In both regions, about 18% of the participants in the second invitation round were newcomers. The sensitivity for detection of invasive cancers was calculated as screen detected cancers/(screen detected cancers + interval cancers). During the first invitation round, sensitivity was 87% in Copenhagen and 80% in Fyn. In Copenhagen, 11% of the invasive cases detected during the first invitation round had the final diagnosis made during the second invitation round, and in the present analysis were counted as incident cases during the second round. In Copenhagen, the participation rate declined from 71% during the first invitation round, to 65 and 63% in the subsequent rounds, tending to lower the observed incidence during the later rounds. In Fyn, 88% participated in the first round. Thus, several factors tended to push the incidence upwards during the second and third invitation rounds, and only one factor operated in the opposite direction. This incidence was similar to that expected without screening and therefore seems a good indicator of no overdiagnosis.

In both Copenhagen and Fyn, throughout the programme about 11% of the screen-detected cases were DCIS. We tabulated the combined incidence of invasive breast cancer and screen-detected DCIS cases, but the pattern was almost identical with that for invasive cancer only (data not shown).

In Frederiksberg, the increase in the incidence continued after the first invitation round. This small municipality is located within Copenhagen, and the incidence prior to screening was similar in the two areas. It should be noted that the second invitation round was postponed for 4 months when Frederiksberg was incorporated into the Copenhagen programme. The detection rate of invasive cancer and DCIS was 9.5 per 1000 screened in the first invitation round in Frederiksberg compared with 11.9 per 1000 screened in Copenhagen. In the second invitation round, however, the detection rate in Frederiksberg was 8.2 per 1000 screened, whereas it was 6.3 per 1000 in Copenhagen. The two municipalities thus had similar average detection rates for the first two invitation rounds: (9.5+8.2)/2=8.9 and (11.9+6.3)/2=9.1, respectively.

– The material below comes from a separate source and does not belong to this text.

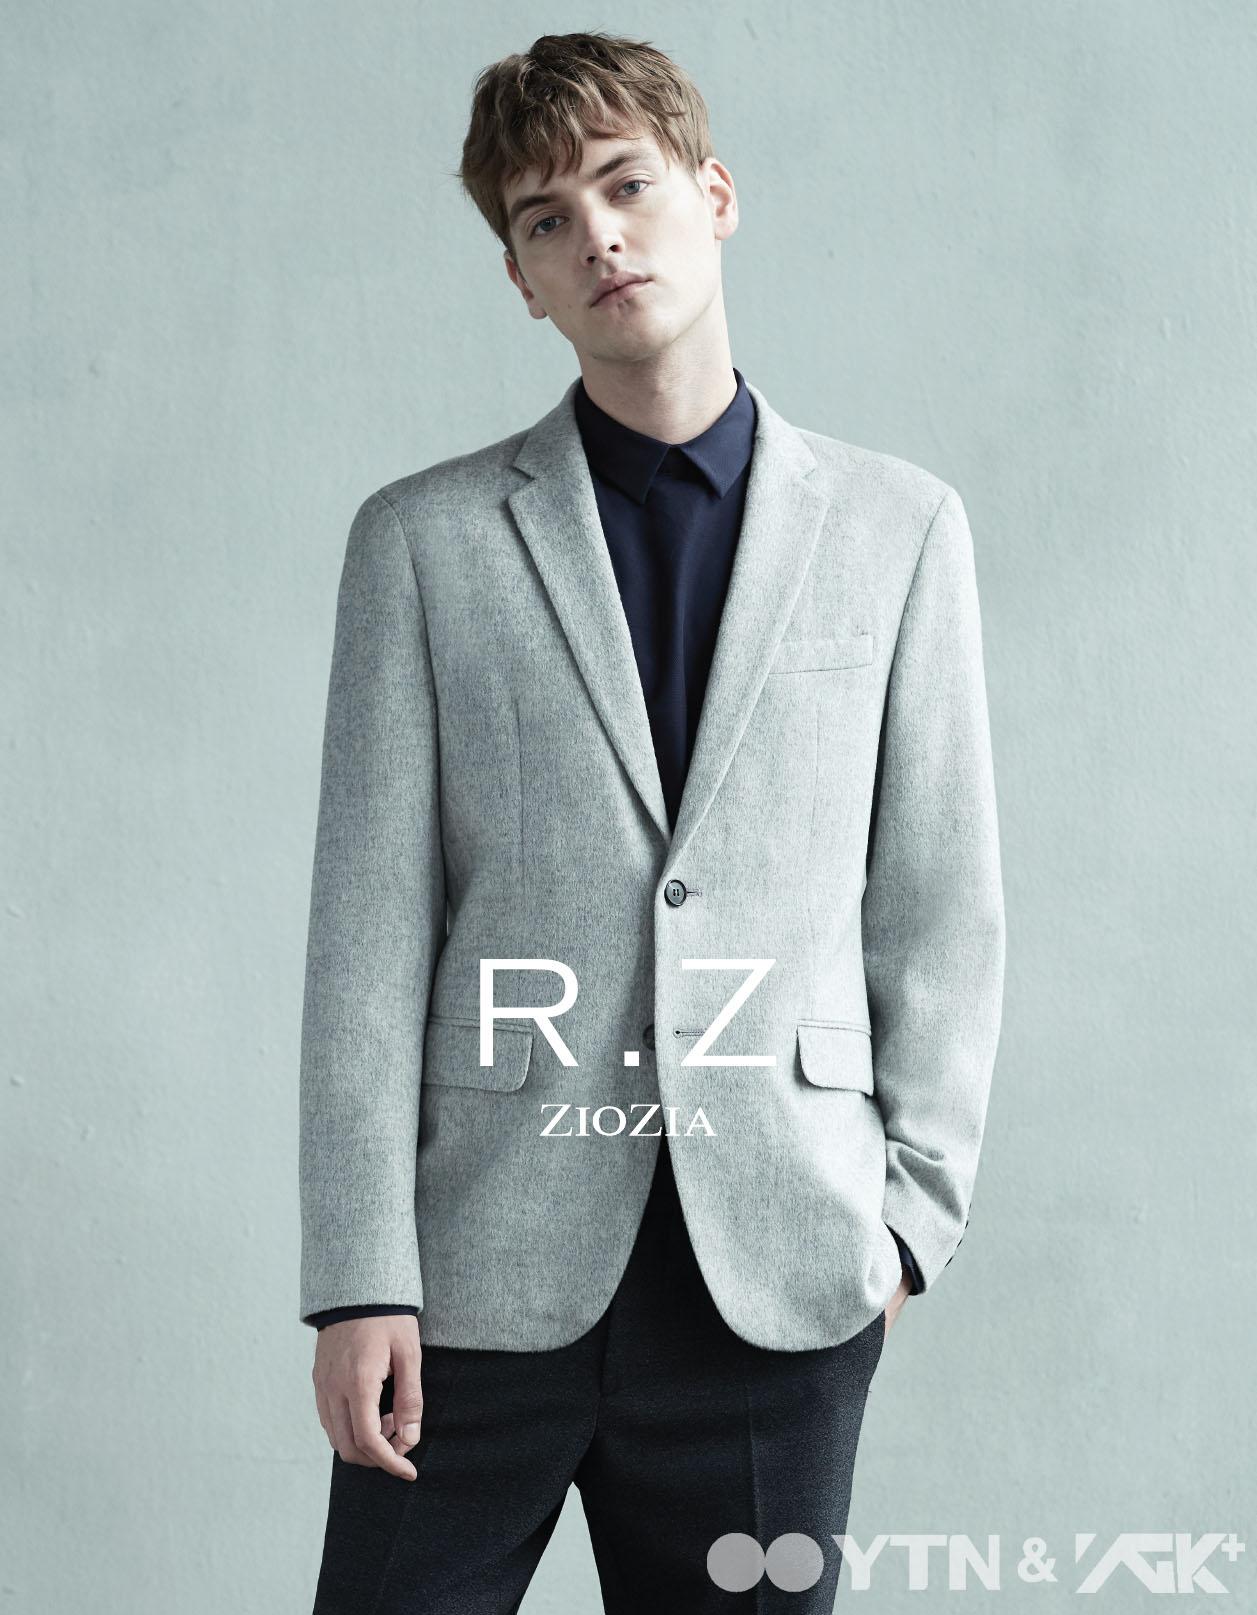 지오지아, 2016 F/W 신규 브랜드 'R.Z;Real ZIOZIA' 론칭

Our study showed that in Copenhagen and Fyn, incidence during the second and third invitation rounds was fairly similar to that expected in the absence of the screening. It is therefore reasonable to conclude that screening did not lead to overdiagnosis of breast cancer. The pattern was different in the small municipality of Frederiksberg, where the continued high incidence during the second invitation round was probably partly because of a low sensitivity during the first round.

Overdiagnosis is an important potential disadvantage of screening, which is difficult to monitor in gradually introduced or opportunistic screening. Our results indicate that well-organised mammography screening can operate without overdiagnosis of breast cancer.